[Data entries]
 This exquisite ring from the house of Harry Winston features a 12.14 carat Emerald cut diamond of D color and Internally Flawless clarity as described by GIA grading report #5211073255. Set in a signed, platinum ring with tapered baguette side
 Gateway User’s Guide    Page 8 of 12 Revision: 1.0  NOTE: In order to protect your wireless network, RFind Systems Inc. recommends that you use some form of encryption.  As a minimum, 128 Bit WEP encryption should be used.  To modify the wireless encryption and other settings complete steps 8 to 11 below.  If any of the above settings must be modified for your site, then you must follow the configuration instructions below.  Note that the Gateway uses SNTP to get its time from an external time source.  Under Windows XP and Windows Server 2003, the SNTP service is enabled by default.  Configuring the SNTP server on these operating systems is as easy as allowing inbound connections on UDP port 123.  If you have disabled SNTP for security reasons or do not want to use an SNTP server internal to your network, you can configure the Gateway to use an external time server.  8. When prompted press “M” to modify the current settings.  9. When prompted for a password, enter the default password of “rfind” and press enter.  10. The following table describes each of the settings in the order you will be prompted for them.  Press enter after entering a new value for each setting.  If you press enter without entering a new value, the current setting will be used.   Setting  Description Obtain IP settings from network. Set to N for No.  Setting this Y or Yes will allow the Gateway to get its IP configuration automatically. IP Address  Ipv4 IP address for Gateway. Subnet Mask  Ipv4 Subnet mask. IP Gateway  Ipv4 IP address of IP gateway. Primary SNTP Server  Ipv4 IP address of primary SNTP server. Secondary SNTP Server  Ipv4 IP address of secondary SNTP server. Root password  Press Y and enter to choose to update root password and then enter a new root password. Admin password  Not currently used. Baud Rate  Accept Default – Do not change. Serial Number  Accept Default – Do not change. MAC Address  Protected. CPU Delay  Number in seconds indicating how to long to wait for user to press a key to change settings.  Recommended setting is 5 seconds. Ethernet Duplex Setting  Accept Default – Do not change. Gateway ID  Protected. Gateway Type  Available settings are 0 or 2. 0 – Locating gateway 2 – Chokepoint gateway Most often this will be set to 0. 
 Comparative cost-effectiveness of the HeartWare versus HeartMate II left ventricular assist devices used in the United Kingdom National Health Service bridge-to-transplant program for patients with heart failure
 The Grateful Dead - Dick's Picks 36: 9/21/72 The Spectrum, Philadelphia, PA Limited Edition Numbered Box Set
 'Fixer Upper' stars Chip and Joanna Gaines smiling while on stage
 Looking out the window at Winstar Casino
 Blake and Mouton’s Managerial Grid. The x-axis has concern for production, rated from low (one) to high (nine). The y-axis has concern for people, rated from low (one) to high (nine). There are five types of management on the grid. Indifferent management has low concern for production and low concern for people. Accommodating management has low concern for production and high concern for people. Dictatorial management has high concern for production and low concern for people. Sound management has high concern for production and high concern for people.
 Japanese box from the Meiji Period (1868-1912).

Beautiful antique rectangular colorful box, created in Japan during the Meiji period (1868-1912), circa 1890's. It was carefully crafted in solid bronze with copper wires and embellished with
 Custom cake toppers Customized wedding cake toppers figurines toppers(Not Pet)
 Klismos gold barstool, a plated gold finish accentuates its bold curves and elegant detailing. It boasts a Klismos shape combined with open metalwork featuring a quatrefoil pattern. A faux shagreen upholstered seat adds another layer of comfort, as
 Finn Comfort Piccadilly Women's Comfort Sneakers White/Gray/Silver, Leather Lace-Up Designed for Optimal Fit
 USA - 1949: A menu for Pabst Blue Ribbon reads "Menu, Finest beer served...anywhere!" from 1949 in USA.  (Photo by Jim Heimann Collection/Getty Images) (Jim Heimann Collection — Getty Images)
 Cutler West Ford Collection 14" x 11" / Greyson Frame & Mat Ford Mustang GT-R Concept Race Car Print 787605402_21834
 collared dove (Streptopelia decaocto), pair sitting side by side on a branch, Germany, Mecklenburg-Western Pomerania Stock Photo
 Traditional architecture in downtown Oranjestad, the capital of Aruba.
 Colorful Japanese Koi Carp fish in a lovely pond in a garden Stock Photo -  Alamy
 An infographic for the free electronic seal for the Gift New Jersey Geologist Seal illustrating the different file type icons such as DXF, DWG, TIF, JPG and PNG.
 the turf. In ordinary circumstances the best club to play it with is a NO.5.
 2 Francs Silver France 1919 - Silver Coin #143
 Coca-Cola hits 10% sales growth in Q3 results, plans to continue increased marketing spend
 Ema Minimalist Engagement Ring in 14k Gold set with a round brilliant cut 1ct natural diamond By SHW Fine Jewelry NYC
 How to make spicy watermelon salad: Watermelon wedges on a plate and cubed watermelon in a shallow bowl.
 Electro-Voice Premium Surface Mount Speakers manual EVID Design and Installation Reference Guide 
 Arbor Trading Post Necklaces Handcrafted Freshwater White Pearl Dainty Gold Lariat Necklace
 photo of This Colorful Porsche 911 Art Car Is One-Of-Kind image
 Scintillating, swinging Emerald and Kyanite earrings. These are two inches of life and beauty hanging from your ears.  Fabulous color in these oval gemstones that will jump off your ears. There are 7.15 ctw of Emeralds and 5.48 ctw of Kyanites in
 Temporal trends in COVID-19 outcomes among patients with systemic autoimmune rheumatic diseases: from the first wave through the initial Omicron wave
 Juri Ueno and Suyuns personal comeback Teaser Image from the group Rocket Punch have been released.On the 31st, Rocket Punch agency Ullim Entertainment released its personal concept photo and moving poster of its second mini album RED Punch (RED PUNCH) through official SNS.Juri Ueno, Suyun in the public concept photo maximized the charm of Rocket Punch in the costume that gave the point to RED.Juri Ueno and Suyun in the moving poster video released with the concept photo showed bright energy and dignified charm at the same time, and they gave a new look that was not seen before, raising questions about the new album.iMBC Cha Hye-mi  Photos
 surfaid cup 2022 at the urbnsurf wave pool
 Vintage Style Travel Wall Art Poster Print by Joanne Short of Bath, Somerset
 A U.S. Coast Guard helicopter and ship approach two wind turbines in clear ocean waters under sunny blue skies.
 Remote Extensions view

▸ **What this task involves**:
Above are some lines. Repeat exactly, and only, those from the line that has "2 Francs Silver" through the line that has "How to make".

▸ **Task result**:
 2 Francs Silver France 1919 - Silver Coin #143
 Coca-Cola hits 10% sales growth in Q3 results, plans to continue increased marketing spend
 Ema Minimalist Engagement Ring in 14k Gold set with a round brilliant cut 1ct natural diamond By SHW Fine Jewelry NYC
 How to make spicy watermelon salad: Watermelon wedges on a plate and cubed watermelon in a shallow bowl.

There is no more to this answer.